#### WORK INSTRUCTIONS:
A faithful copy of the data is what is wanted, minus any pictures.

#### COLLECTED DATA:
────────────────────────────────────────

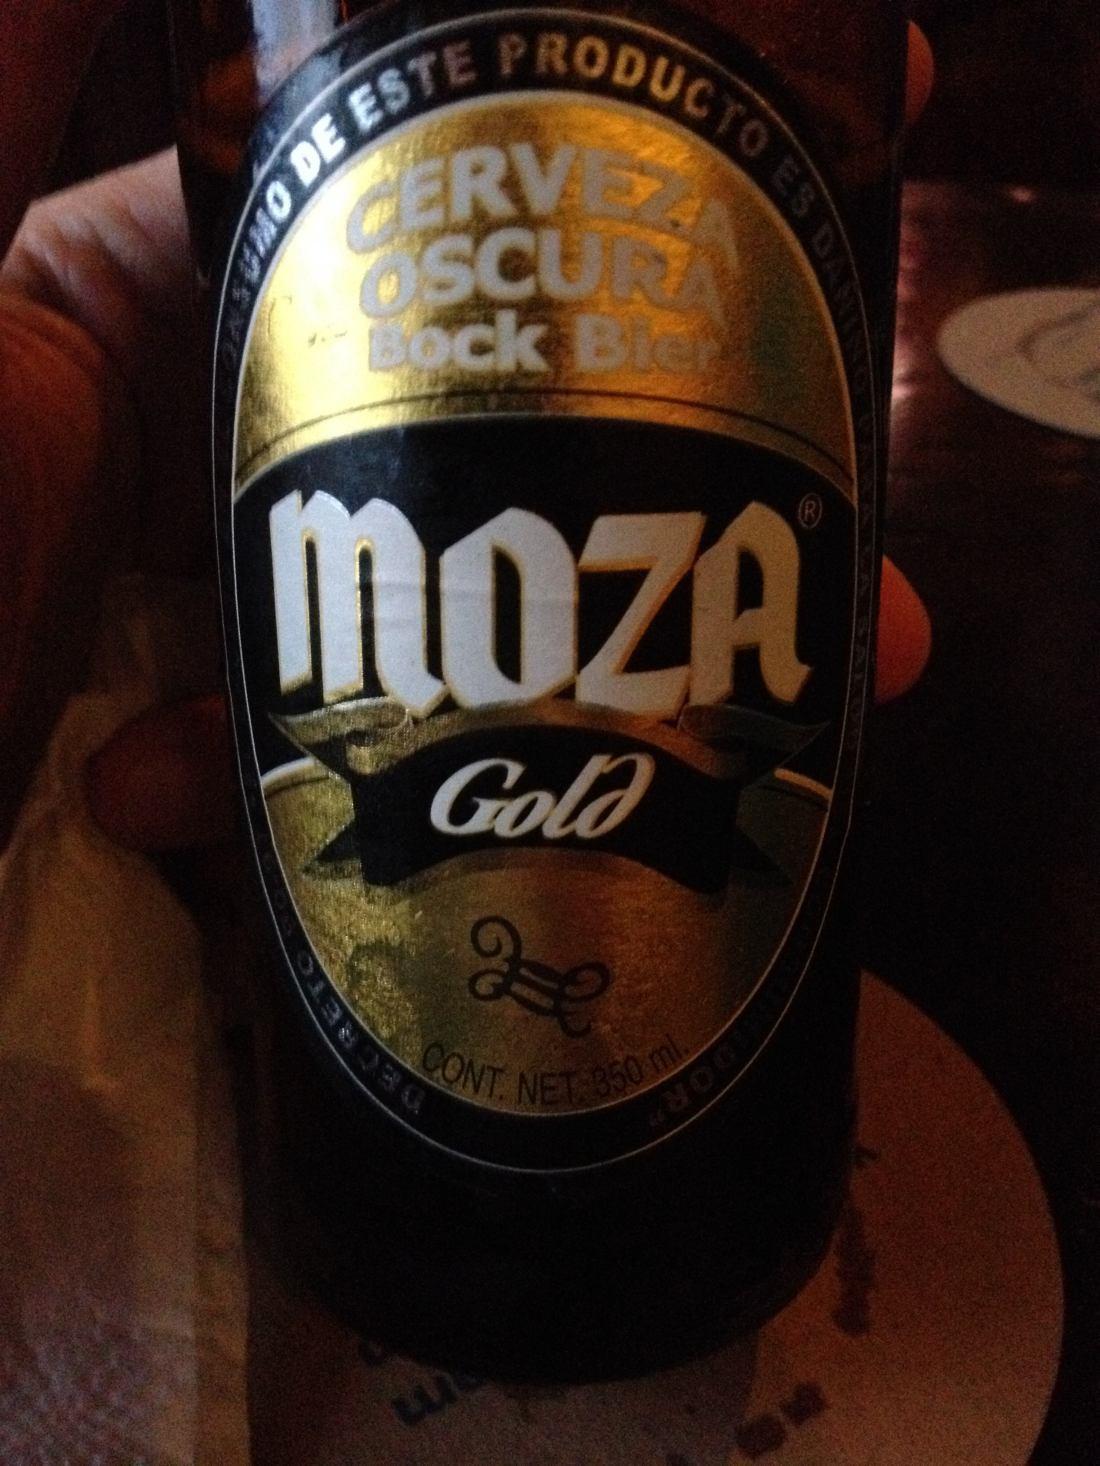 Moza Gold, a Guatemalan beer, at Frida's
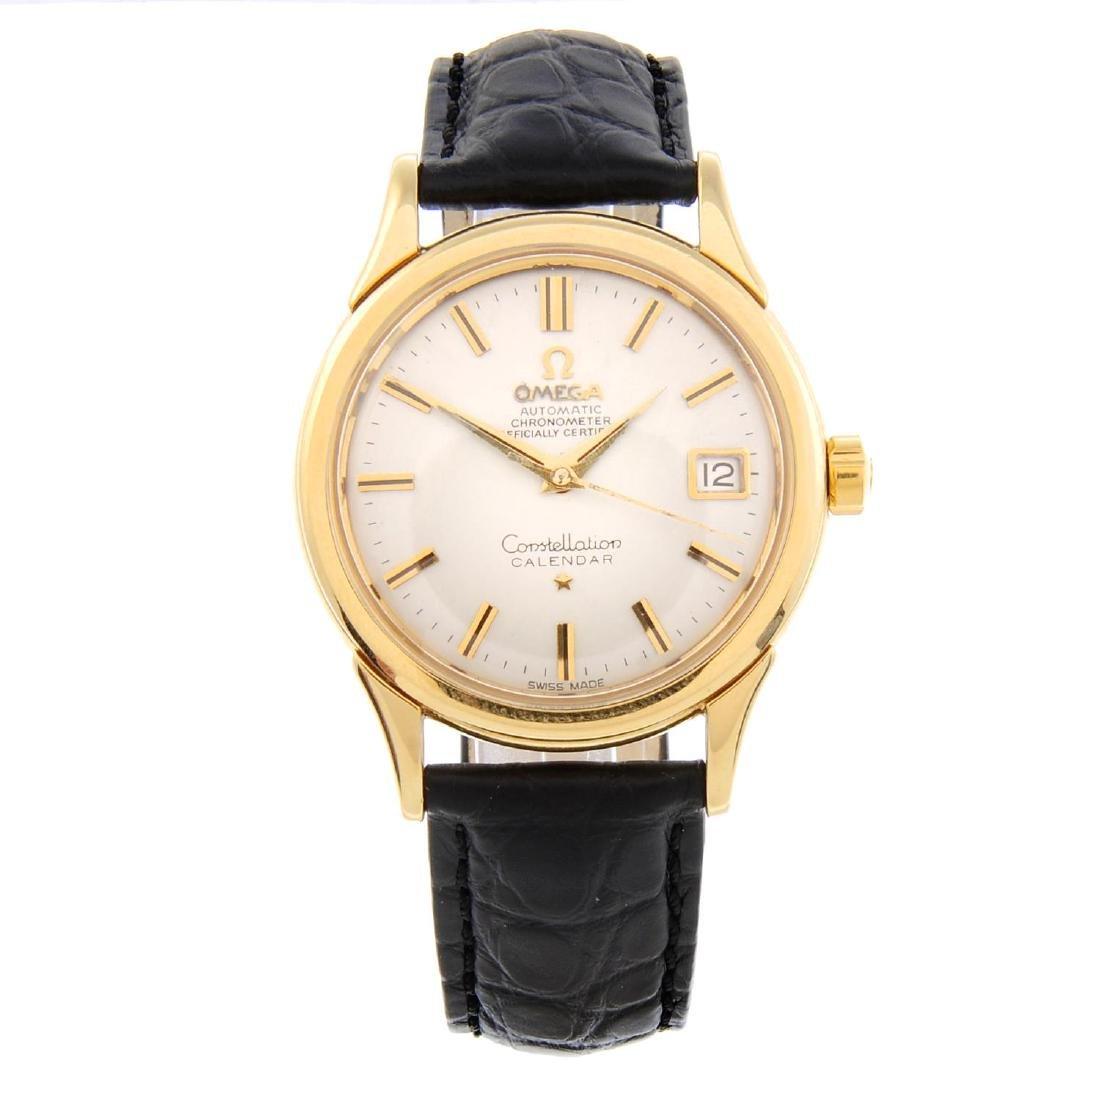 OMEGA - a gentleman's Constellation Calendar wrist
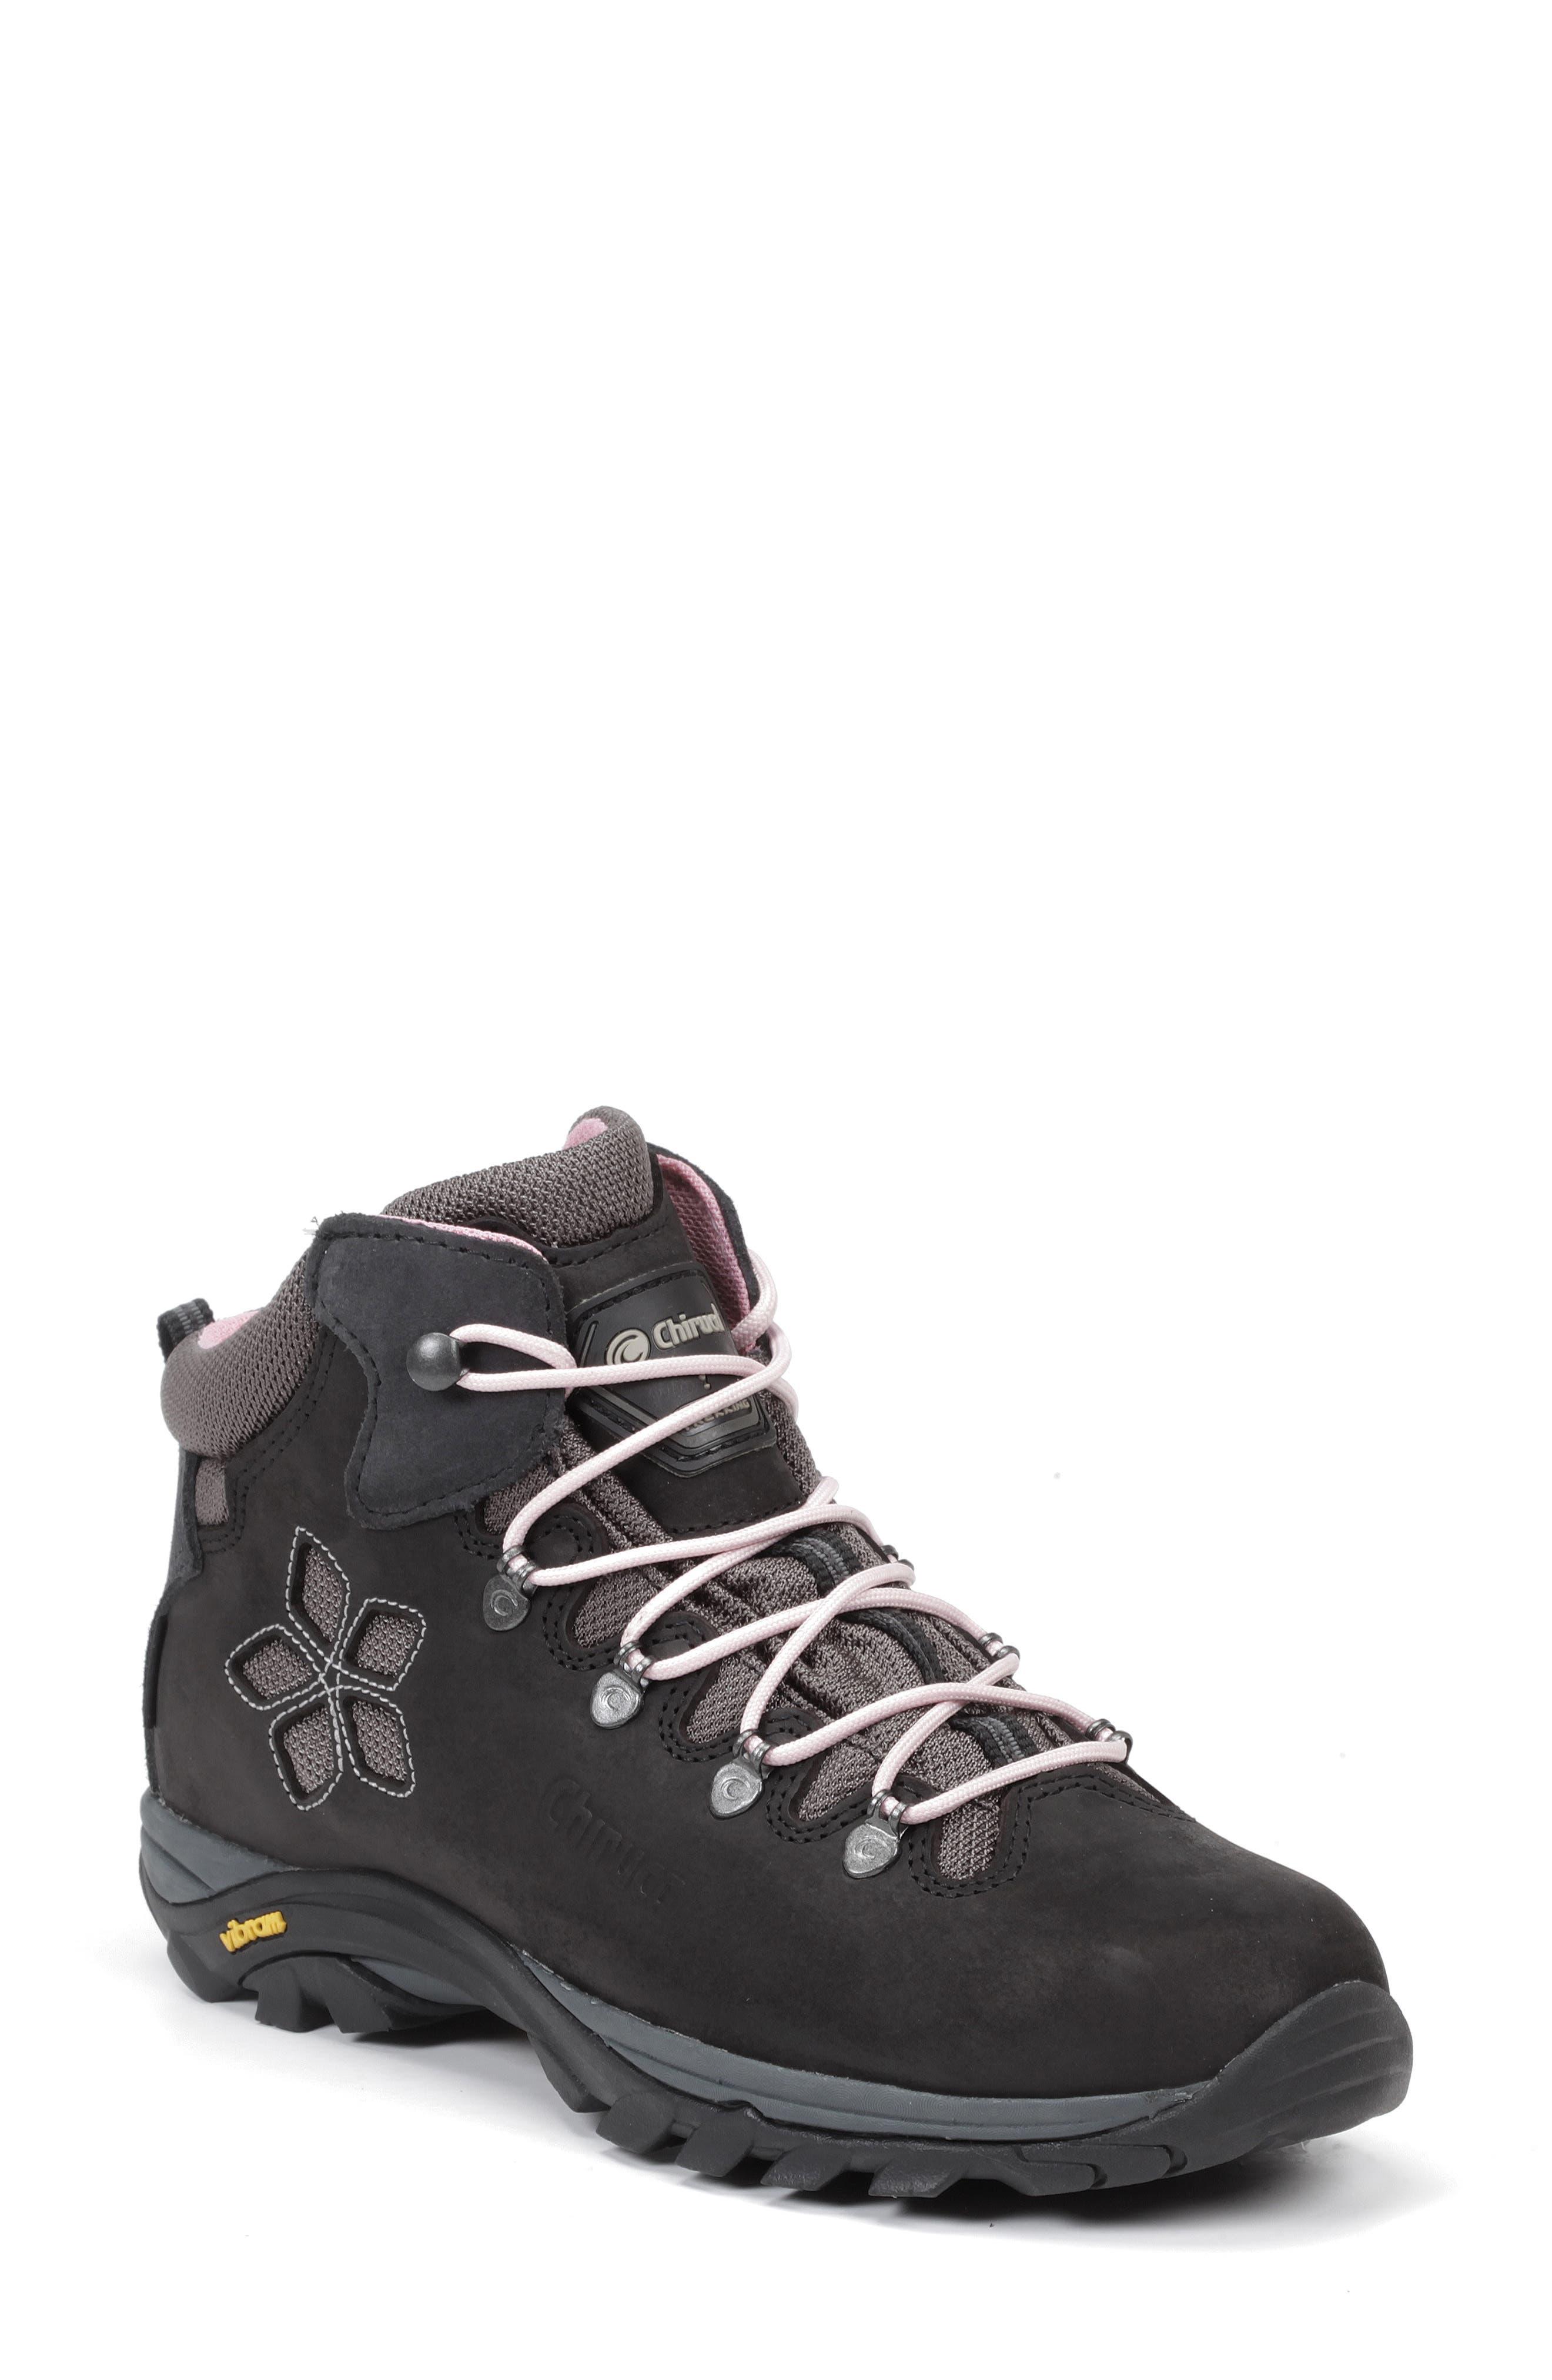 Monique Gore-Tex Waterproof Hiking Boot

────────────────────────────────────────

#### WRITTEN SOLUTION:
 Moza Gold, a Guatemalan beer, at Frida's
 OMEGA - a gentleman's Constellation Calendar wrist
 Monique Gore-Tex Waterproof Hiking Boot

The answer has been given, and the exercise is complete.